O bem-estar, ontem e hoje
Mas, antes de mesmo de se considerar o sistema de comércio mundial, a irreversibilidade dos processos e o fato de que a economia é parte integrante de um sistema maior – a biosfera -, a CKA falha ao adotar o crescimento econômico como medida de riqueza. É notório que o PIB mede a produção de bens e serviços pelos cidadãos de um país em um determinado período, mas não o seu bem-estar. Não há apenas benefícios decorrentes do incremento na produção, mas também custos, entre eles danos à saúde, à cultura e, voilà, ao meio ambiente. Além disso, ao simplesmente dividir o PIB total pela população para obter a renda média e, então, procurar pelo U invertido, convenientemente se escondem as desigualdades – no Brasil, apesar dos avanços recentes, os 10% mais ricos ainda concentram mais de 40% da renda total.

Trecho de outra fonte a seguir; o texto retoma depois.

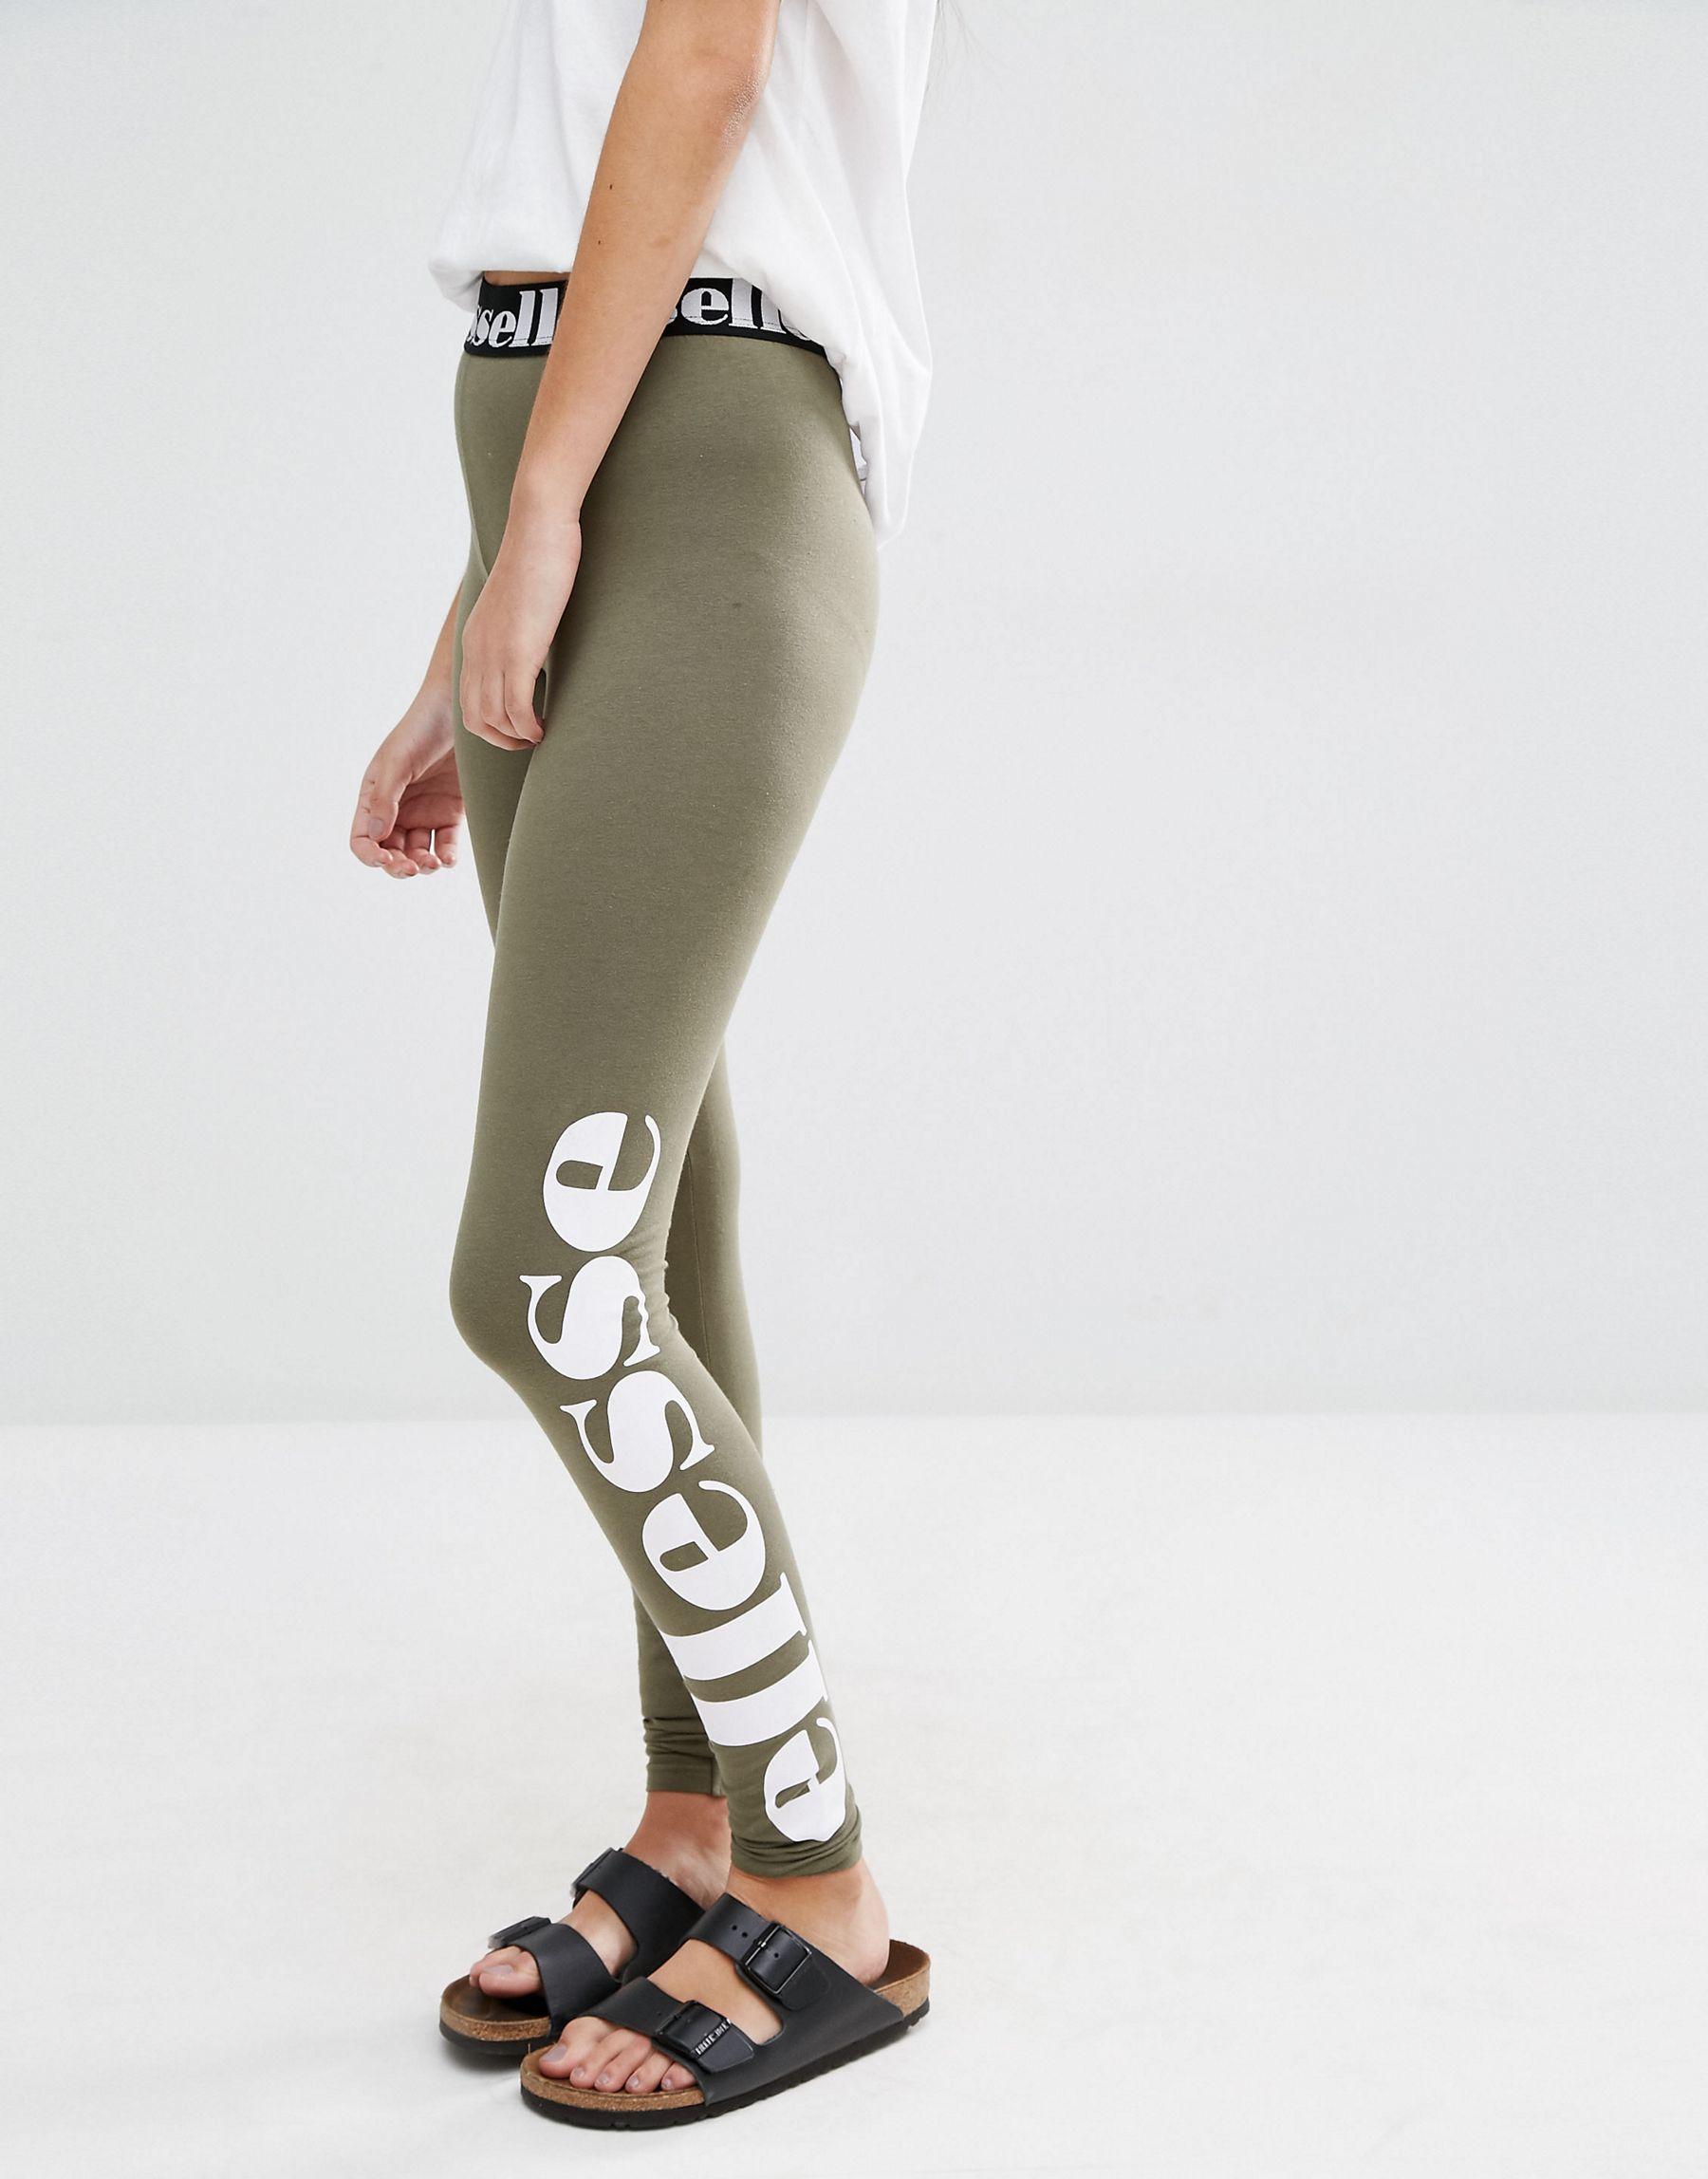 lyst ellesse leggings with side logo print

Um dos primeiros a destacar que o crescimento tem custos além de benefícios foi o criador do sistema de contas nacionais em que o PIB é peça central – o economista russo Simon Kuznets (1901-1985). Vencedor do Nobel de Economia em 1971 por sua pesquisa, que, ao relacionar crescimento econômico e desigualdade de renda, encontrou uma curva no formato de um U invertido, Kuznets dedicou a vida inteira ao desenvolvimento cuidadoso de medidas de renda e de formação de capital, que inexistiam até a década de 40.
A curva original de Kuznets, ao contrário de sua prima ambiental, tem as desigualdades como uma das variáveis: para crescer as economias gradualmente abandonam a agricultura e se dedicam à indústria, o que dá margem a um período de grande desigualdade, mas, com o crescimento econômico e mais oportunidades de educação, a parcela mais pobre da população ganha poder político para mudar o status quo.
Kuznets defendia que, para desenhar um sistema de contas nacional, é preciso começar com a visão clara dos objetivos da atividade econômica – a renda nacional existe para o bem-estar do homem, e não o homem para aumentar a capacidade do país, escreveu – e a diferenciação entre bens intermediários e bens finais. Os sistemas de contas nacionais estabelecidos após a Segunda Guerra Mundial, entretanto, ignoraram a abordagem de Kuznets, e até hoje se confunde crescimento medido pelo PIB com desenvolvimento.
Os livros-texto de Economia em geral usam a palavra “utilidade” no lugar de “bem estar” e assumem que ela é equivalente à renda, por meio da qualos indivíduos revelam suas preferências – em um mercado, o conjunto das preferências individuais leva a um resultado positivo para o conjunto. O dilemma do crescimento com desigualdade, entretanto, é uma das indicações de que nem sempre é possível beneficiar a todos, sem prejudicar ninguém. No contexto da sustentabilidade, essa equação é ainda mais complicada, pois inclui o bem-estar das futuras gerações.
Diante das evidências de que mais crescimento econômico não é a resposta para sustentar o bem-estar ou a integridade ambiental, o economista americano John Gowdy lança uma série de perguntas. De quanto crescimento precisamos para garantir dinheiro para as coisas materiais que contribuem para tornar as pessoas felizes? Podemos nos desenvolver sem crescer? Um país pode parar de crescer economicamente ou isso o privaria da tecnologia, do investimento de capital e do dinamismo empreendedor necessários para competir em uma economia capitalista? A transição para uma economia da felicidade exigiria quais políticas? E, finalmente, quão diretamente está o bem-estar humano relacionado com a preservação de ecossistemas e de formas de vida não-humanas necessárias para a sobrevivência dos homens a longo prazo?
Segundo Gowdy, as respostas provavelmente virão de áreas da Economia que integram diferentes conhecimentos – biologia, antropologia, psicologia -, de forma a produzir uma melhor compreensão sobre o bem-estar imediato e como os homens se encaixam no restante do mundo natural.
Sem dúvida, bem melhor do que se esconder atrás de uma curva.